→ **DATA SECTION**:
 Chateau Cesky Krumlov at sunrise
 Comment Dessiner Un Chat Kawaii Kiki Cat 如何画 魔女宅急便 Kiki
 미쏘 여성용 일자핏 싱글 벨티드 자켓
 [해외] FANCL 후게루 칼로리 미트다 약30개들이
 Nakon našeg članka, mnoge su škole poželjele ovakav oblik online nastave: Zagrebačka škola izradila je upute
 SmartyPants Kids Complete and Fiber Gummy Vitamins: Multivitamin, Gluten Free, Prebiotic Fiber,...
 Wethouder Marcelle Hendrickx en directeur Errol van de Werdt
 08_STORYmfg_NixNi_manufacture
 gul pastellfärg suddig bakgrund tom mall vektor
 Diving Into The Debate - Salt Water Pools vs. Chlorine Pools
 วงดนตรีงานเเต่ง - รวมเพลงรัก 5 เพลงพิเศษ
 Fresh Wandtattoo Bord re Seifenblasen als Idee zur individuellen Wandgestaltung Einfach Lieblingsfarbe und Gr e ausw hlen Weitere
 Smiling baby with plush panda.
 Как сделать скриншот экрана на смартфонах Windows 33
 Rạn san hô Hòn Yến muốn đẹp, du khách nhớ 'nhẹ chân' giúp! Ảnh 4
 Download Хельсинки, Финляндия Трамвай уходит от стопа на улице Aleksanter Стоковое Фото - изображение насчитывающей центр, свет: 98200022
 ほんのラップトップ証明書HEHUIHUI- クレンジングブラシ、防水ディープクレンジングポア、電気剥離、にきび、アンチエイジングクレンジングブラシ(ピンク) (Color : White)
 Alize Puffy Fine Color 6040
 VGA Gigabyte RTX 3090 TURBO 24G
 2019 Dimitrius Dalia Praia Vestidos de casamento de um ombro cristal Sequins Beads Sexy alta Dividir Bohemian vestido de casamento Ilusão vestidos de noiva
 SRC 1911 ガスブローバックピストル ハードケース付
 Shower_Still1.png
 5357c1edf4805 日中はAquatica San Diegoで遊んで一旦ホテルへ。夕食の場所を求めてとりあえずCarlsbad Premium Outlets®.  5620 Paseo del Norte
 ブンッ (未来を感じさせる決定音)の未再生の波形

→ **YOUR TASK**:
Both end lines included, restate word for word the lines above from the line with "08_STORYmfg_NixNi_manufacture" to the line with "Как сделать скриншот", and nothing else.

→ **RESULT OF THE EXERCISE**:
 08_STORYmfg_NixNi_manufacture
 gul pastellfärg suddig bakgrund tom mall vektor
 Diving Into The Debate - Salt Water Pools vs. Chlorine Pools
 วงดนตรีงานเเต่ง - รวมเพลงรัก 5 เพลงพิเศษ
 Fresh Wandtattoo Bord re Seifenblasen als Idee zur individuellen Wandgestaltung Einfach Lieblingsfarbe und Gr e ausw hlen Weitere
 Smiling baby with plush panda.
 Как сделать скриншот экрана на смартфонах Windows 33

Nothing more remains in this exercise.